ABOUT THIS EXERCISE: From the material below, set down exactly the lines that run from the one containing "Dreers Garden 2 - Spiral Notebook" to the one containing "JASMINE top &", minus the pictures.

EXERCISE INPUT:
□ □ □ □ □ □ □

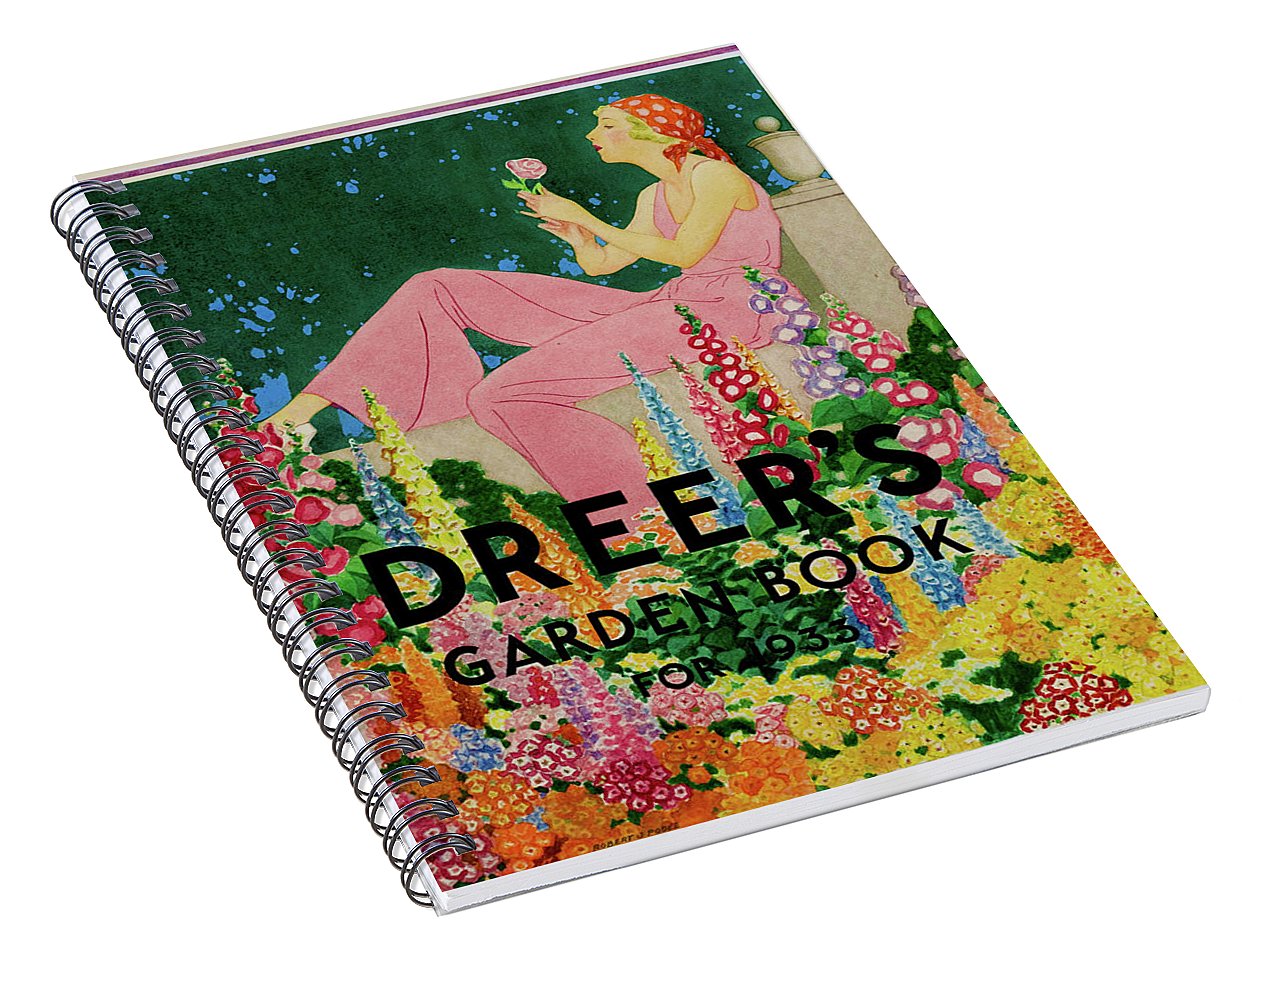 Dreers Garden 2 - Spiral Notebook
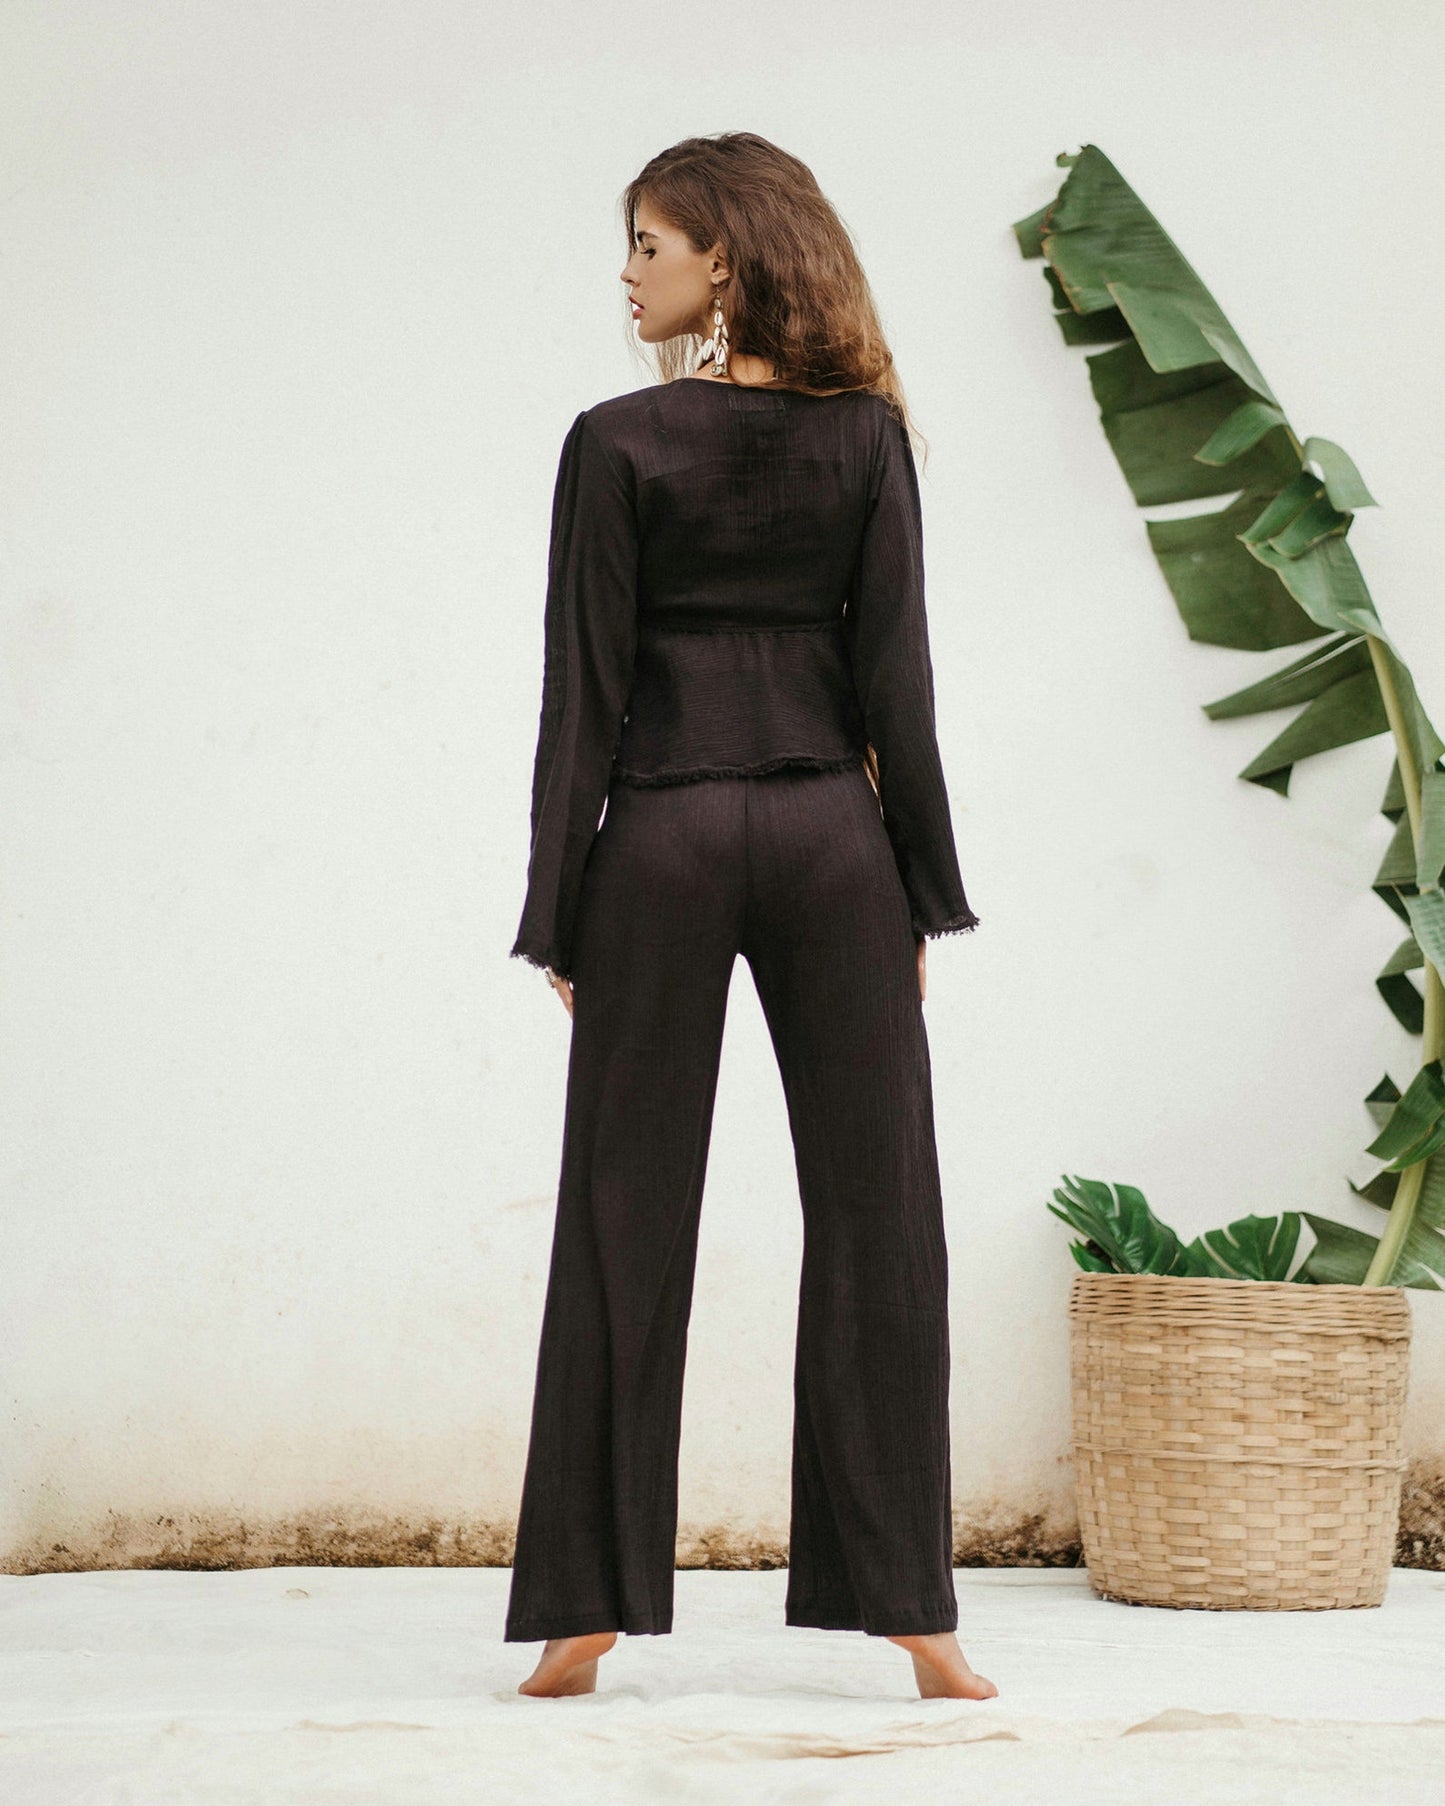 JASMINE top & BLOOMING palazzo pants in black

□ □ □ □ □ □ □

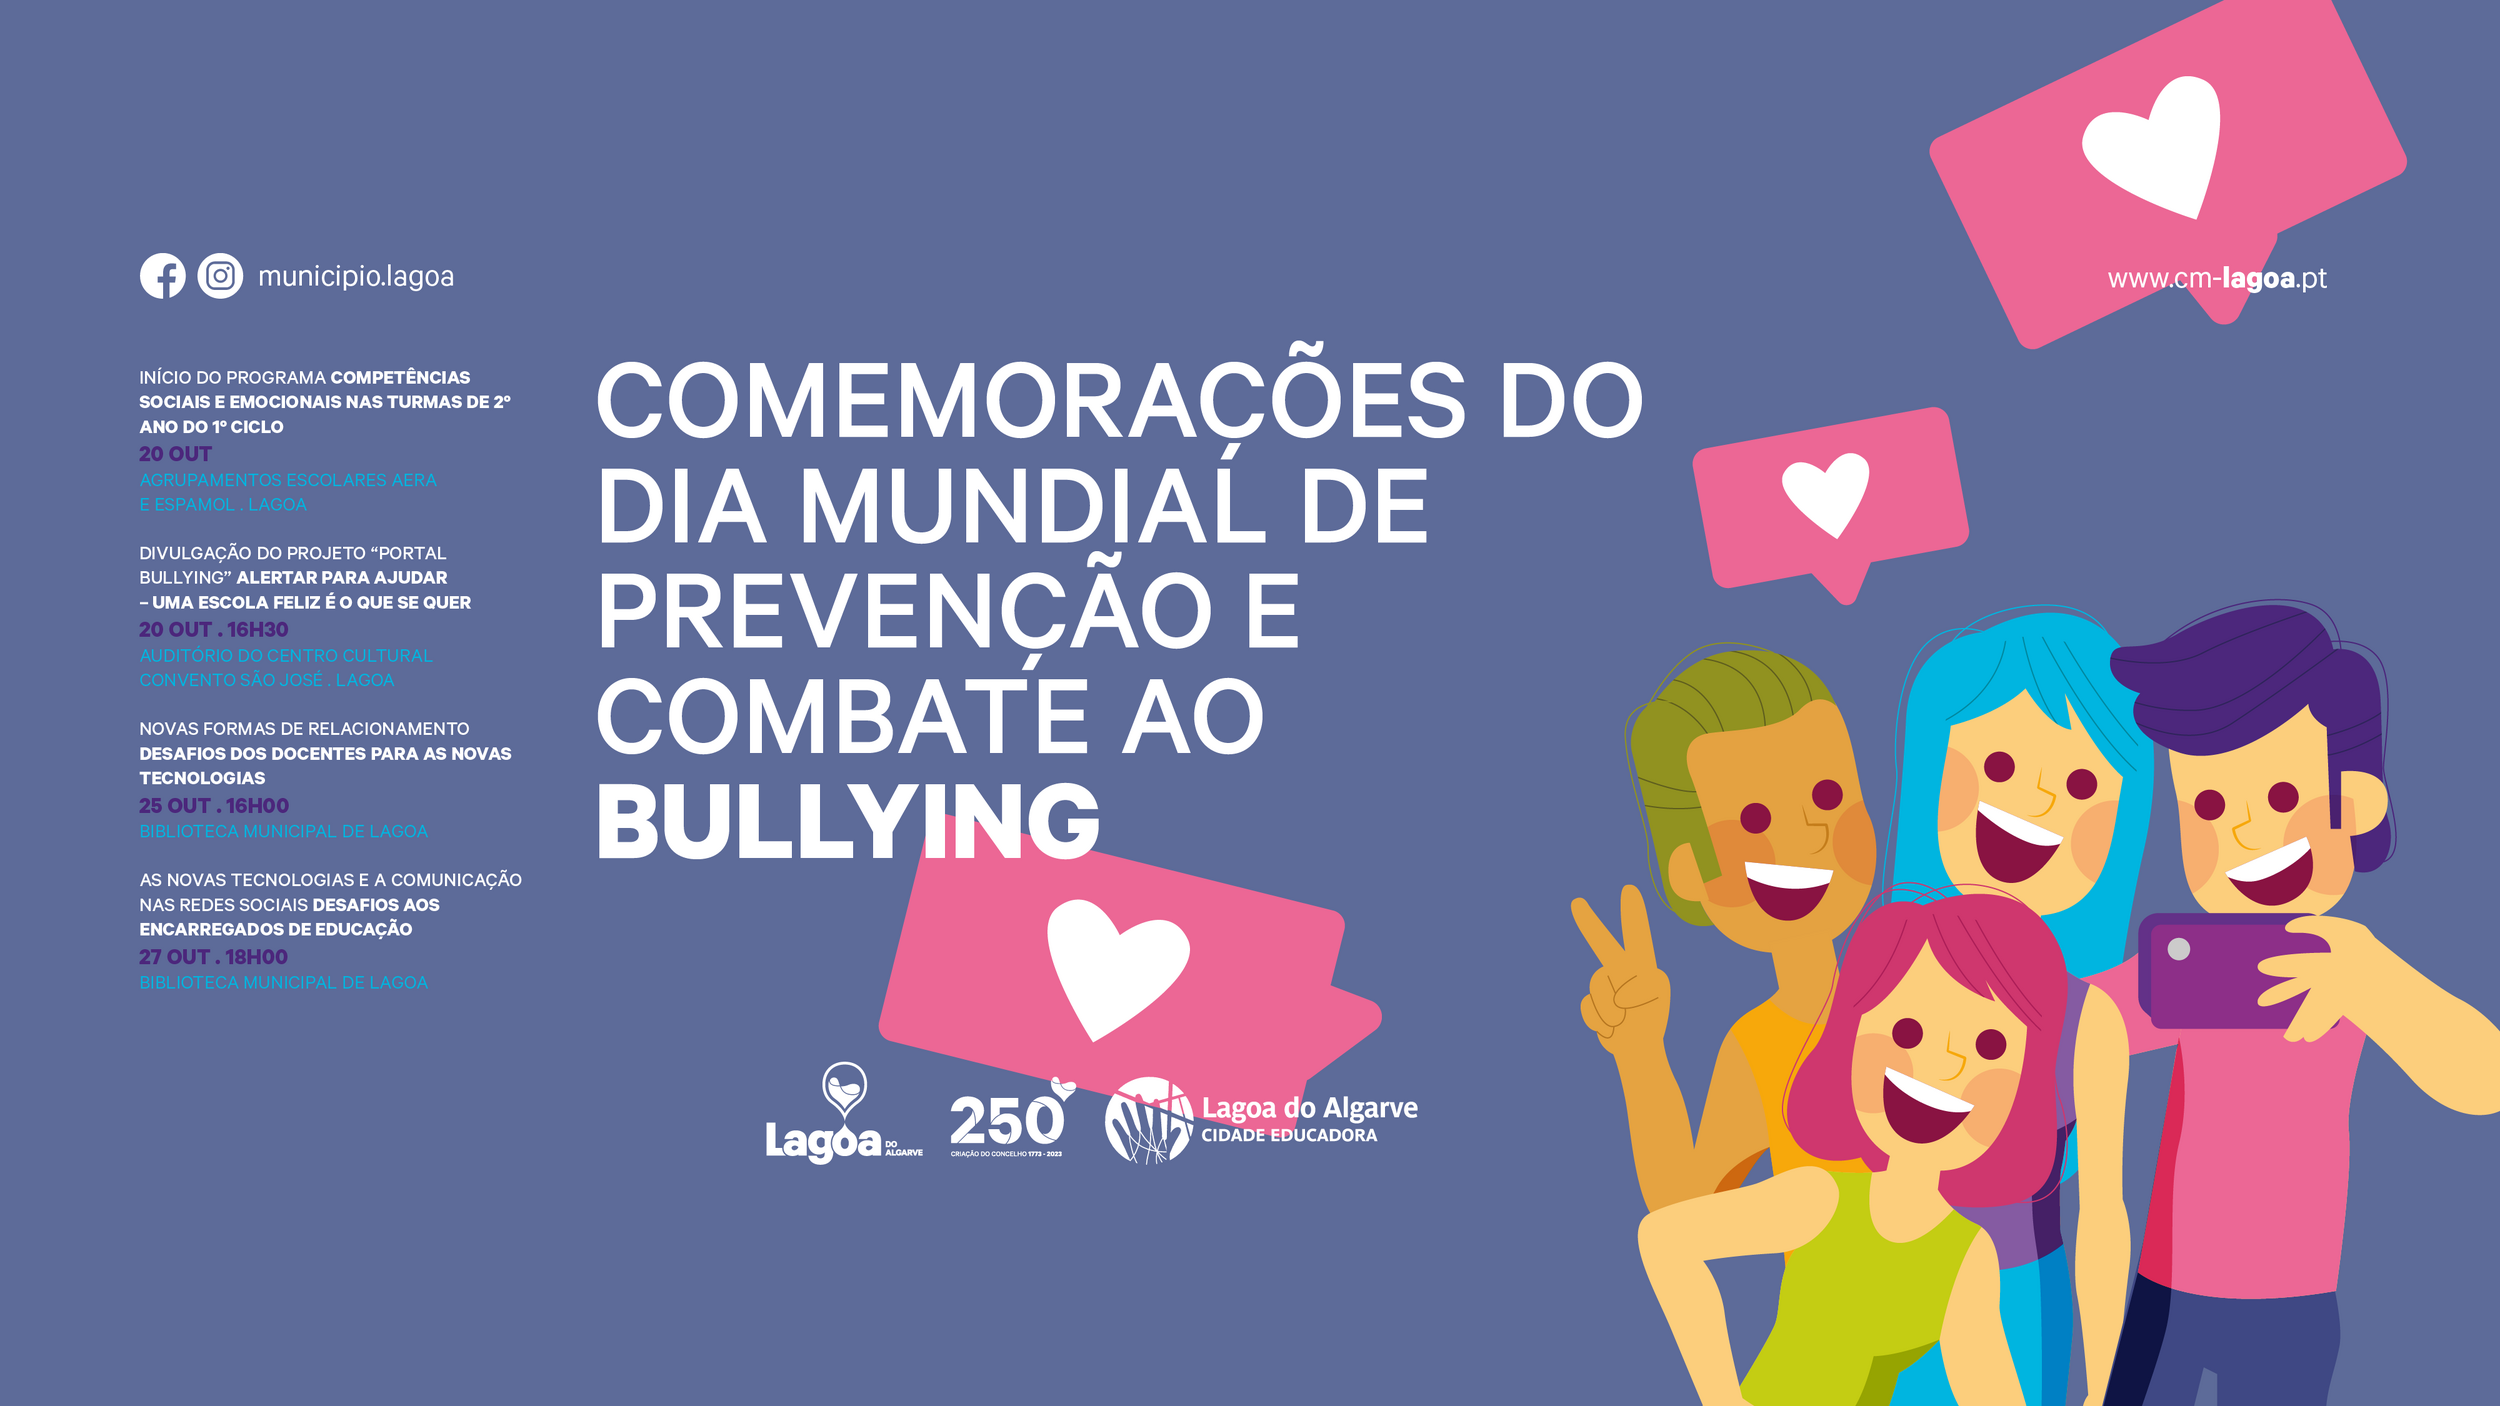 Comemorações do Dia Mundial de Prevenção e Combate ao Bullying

□ □ □ □ □ □ □

RESPONSE AREA:
 Dreers Garden 2 - Spiral Notebook
 JASMINE top & BLOOMING palazzo pants in black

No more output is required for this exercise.